Le pregunté a Valeria:

-¿Y ese señor? Una presencia impresionante.

-Es el señor Clayton, es el dueño del club, del Náutico.

-Escuché hablar de él. Dicen que ha hecho muchas cosas por esta ciudad.

-¿Por esta ciudad?, ¡por muchas ciudades! Incluso en otros países ha cooperado con cosas.

-Vaya. ¿Y ese señor?

-Se llama Sebastián, tiene cuarenta y cinco años, es su hijo.

-¿Y el señor Clayton qué edad tiene?

-Setenta y cuatro años.

-¡Setenta y cuatro! No parece que tuviera más de sesenta, de verdad. -Disfruté con el ambiente.

-¿Sabes jugar al tenis?

-No, no. Honestamente, no se jugar a nada, no se jugar a nada.

-¿El ping pong?, ¿ping pong de mesa?

-Si no se burlan si hago papelones, juego.

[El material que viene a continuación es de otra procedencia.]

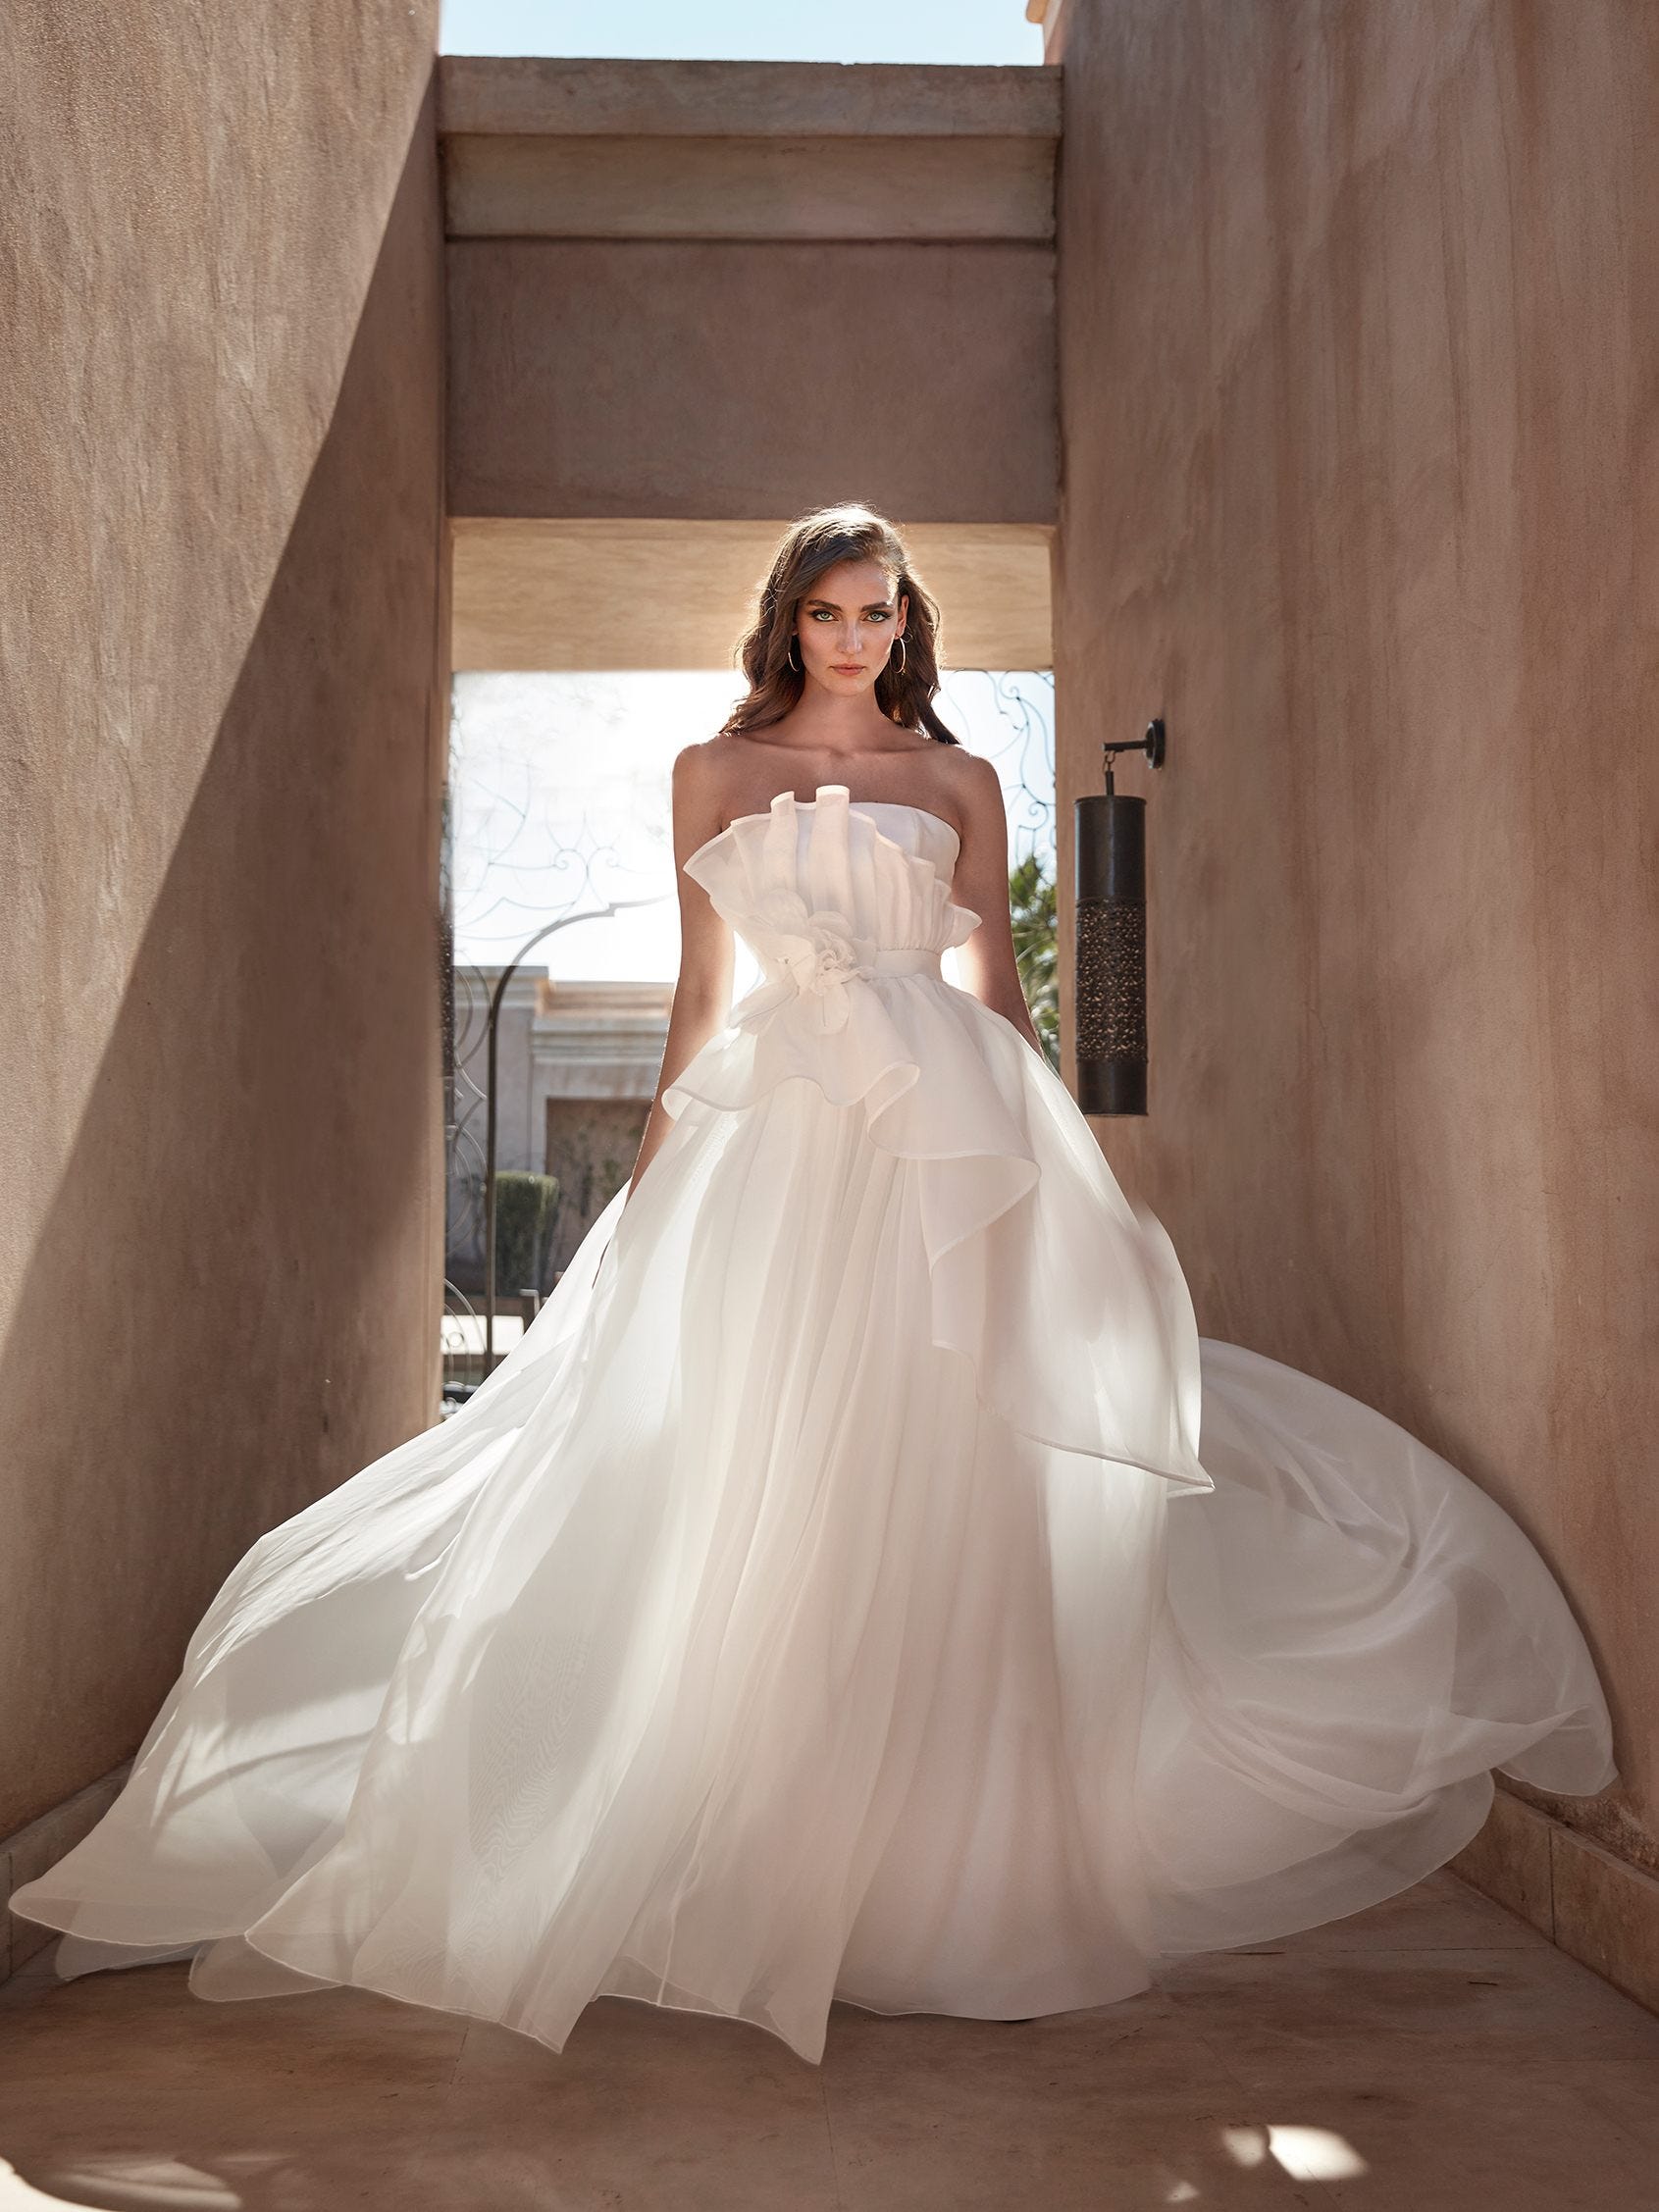 Strapless Wedding Dresses - Bridal Gowns
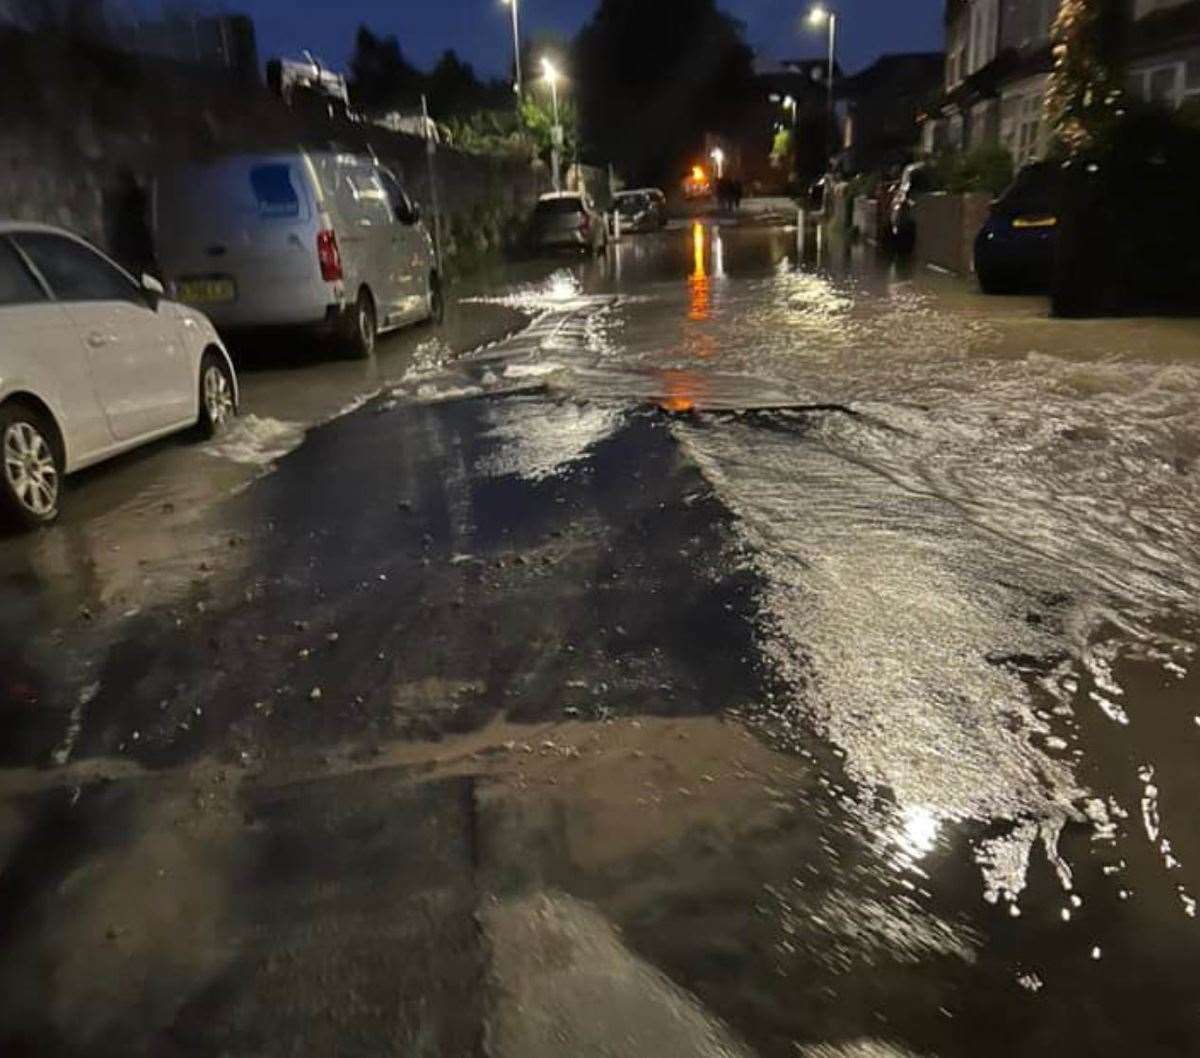 Flooding in Priory Road due to a burst water main. Images: UKNIP

-¡Eh!, ven con nosotras. -Y me quedé en el Club Náutico, un club de gente de mucho dinero. Y lo pude conocer gracias a mis amigas.

 

Valeria tenía mucho dinero. Sus padres tenías mucho dinero pero ella era amable, atenta, pero por sobre todas las cosas, humilde. Yo veía otras que pasaban como si los demás fueran invisibles, como si fueran modelos caminando por una pasarela. Valeria no, Valeria se sentaba toda estirada, cómoda. Me agradaba. Me agradaba sobremanera.

Y los jóvenes del Club Náutico eran unos tremendos creídos, no me caían bien los jóvenes. Pero aclaro, no es porque tuvieran fortuna, era porque siempre estaban como en pose, como que... como que estuvieran filmando una película. No, no me caían bien. No me caían bien. Para nada.

 

Y me sentía mal conmigo misma. Yo decía: Pero salvo Valeria, ¿quién me cae bien? Mi hermanastro era un asco, mi padrastro un asco y medio. Mamá quejándose de su vida.

Yo esforzándome con mi estudio, pero honestamente, no soportaba más vivir en esa casa. Por suerte tenía mi habitación y ahí nadie me molestaba.

Una vez que había juntado plata lo dejé en un cajón de mi mesita de luz y a la noche siguiente la plata no estaba. No era mucha, pero le pregunté a mamá:

-Mamá, ¿has visto la plata que guardé?

-Sabes que yo no entro a tu habitación.

-¿Eugenio puede haber entrado?

-No hables así de Eugenio, él trabaja.

-¿Y Adolfo?

-¡Ja! Tu hermano no tiene por qué sacarte dinero, él tiene diez, cien veces más que tú. Él nos mantiene.

 

Y yo me iba humillada a mi habitación. Pero estaba convencida que mi hermanastro había sacado plata para comprar droga, de eso no tenía ninguna duda. Y me molestaba. A partir de ese día toda la plata que juntaba la llevaba conmigo, en casa no dejaba nada. Y, honestamente, me daba por el hígado todo eso. Estaba como que odiaba esa vida que tenía. Me molestaba horrores esa vida que tenía, ¡horrores!